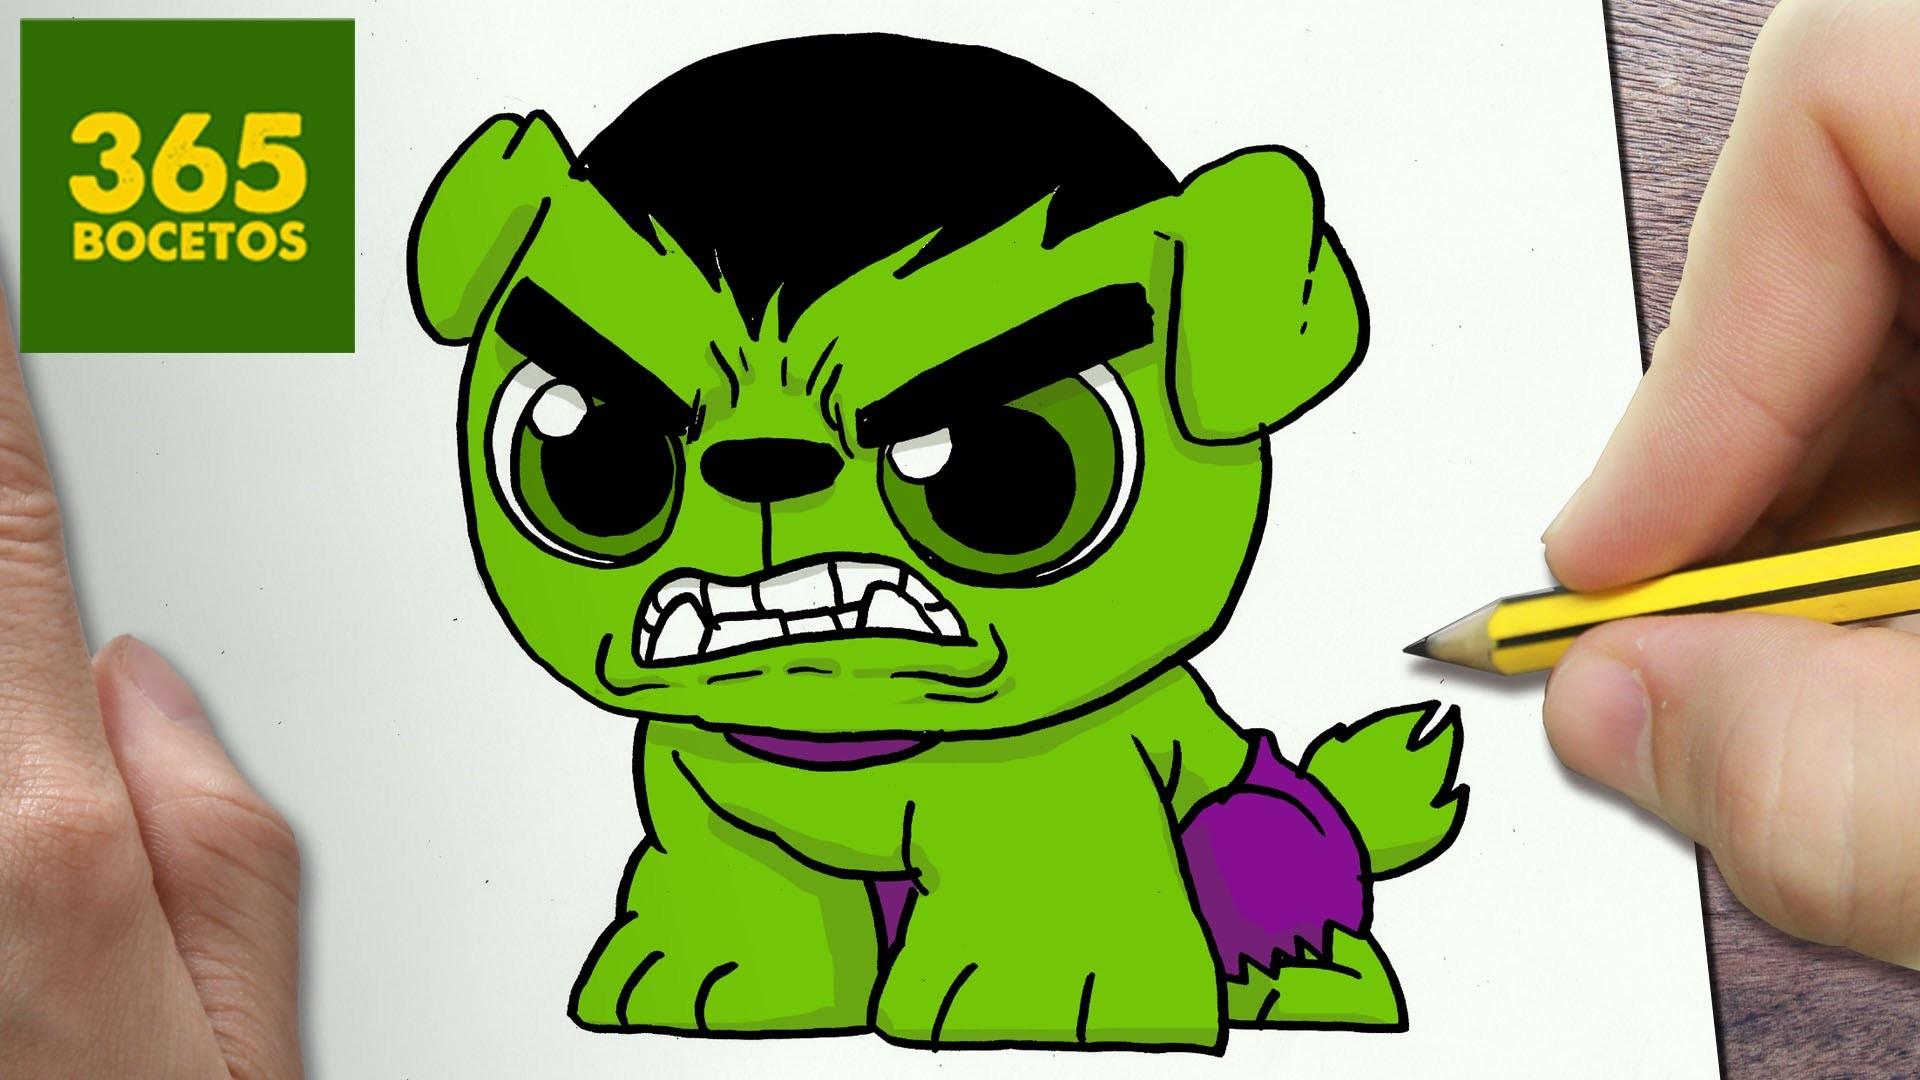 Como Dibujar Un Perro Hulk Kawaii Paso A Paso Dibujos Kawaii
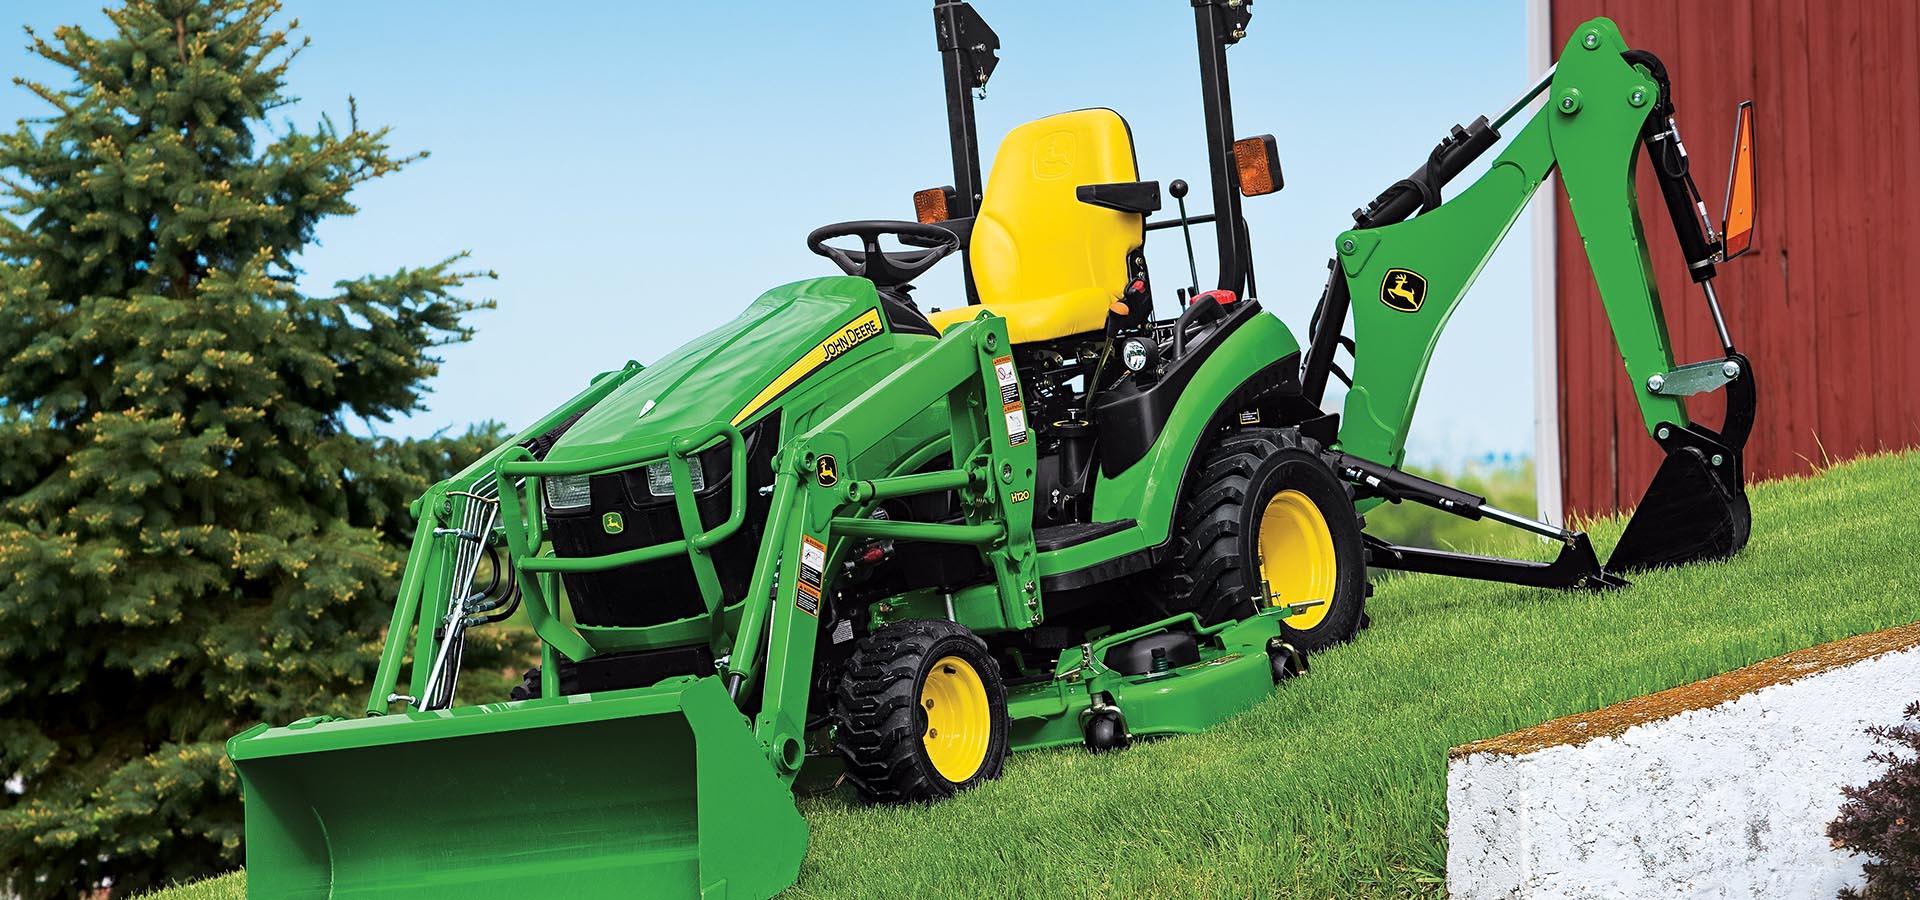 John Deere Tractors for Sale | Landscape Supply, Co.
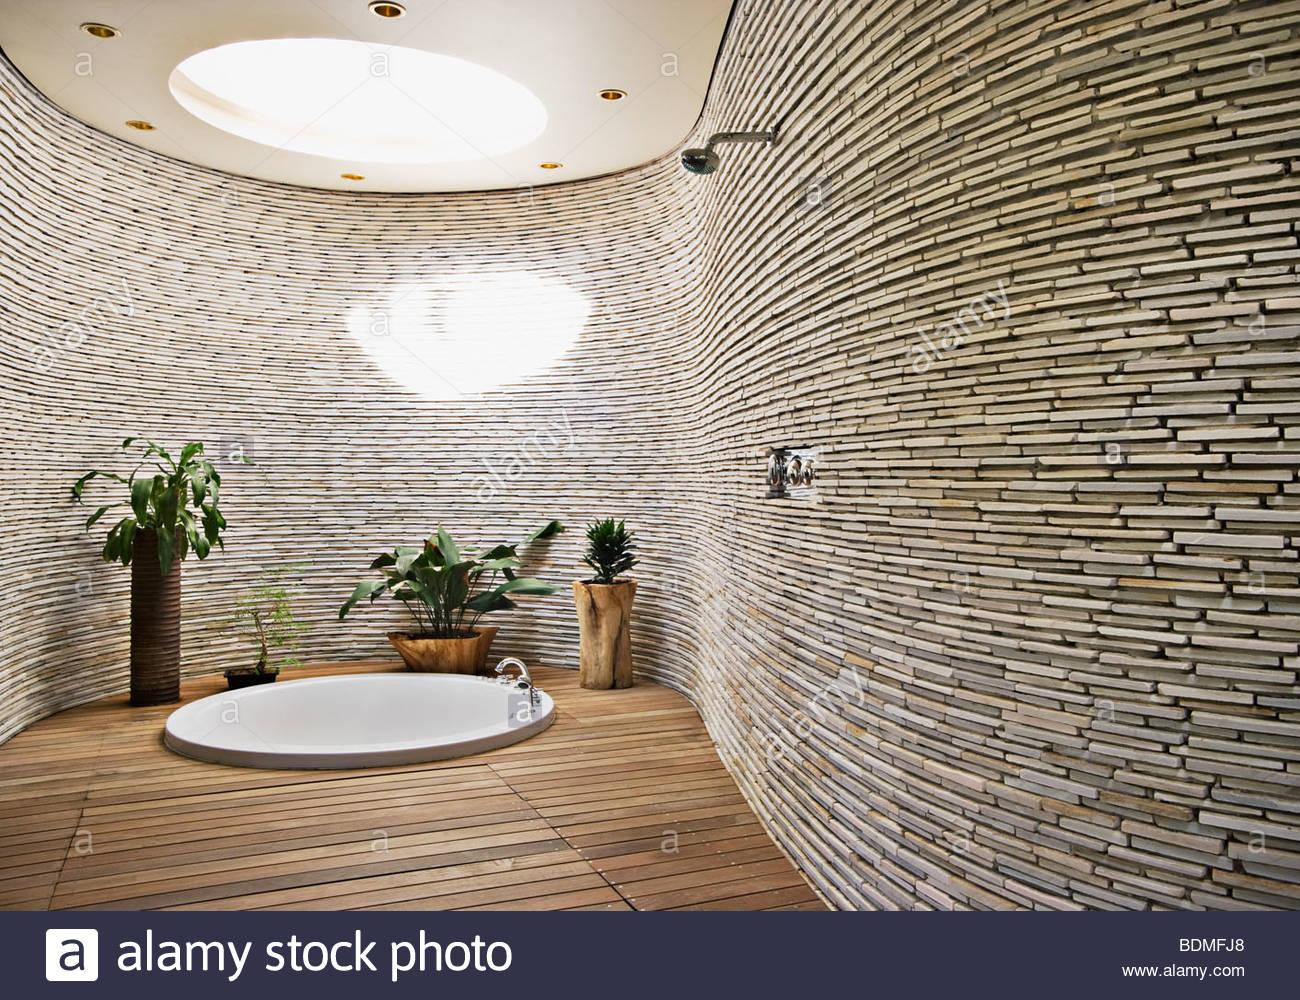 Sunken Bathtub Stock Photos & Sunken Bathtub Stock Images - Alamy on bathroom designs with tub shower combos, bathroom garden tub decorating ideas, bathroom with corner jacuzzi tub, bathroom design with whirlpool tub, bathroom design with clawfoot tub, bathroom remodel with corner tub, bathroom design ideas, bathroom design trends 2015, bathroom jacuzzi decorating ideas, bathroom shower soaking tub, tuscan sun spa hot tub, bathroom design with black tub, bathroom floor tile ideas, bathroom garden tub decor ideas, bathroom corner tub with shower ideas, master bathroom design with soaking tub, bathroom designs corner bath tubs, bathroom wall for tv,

--- --- ---

Work request:
Look at the listing and set down only the lines from its start through the line with "John Deere Tractors", word for word and without pictures.

Answer space:
 Como Dibujar Un Perro Hulk Kawaii Paso A Paso Dibujos Kawaii
 John Deere Tractors for Sale | Landscape Supply, Co.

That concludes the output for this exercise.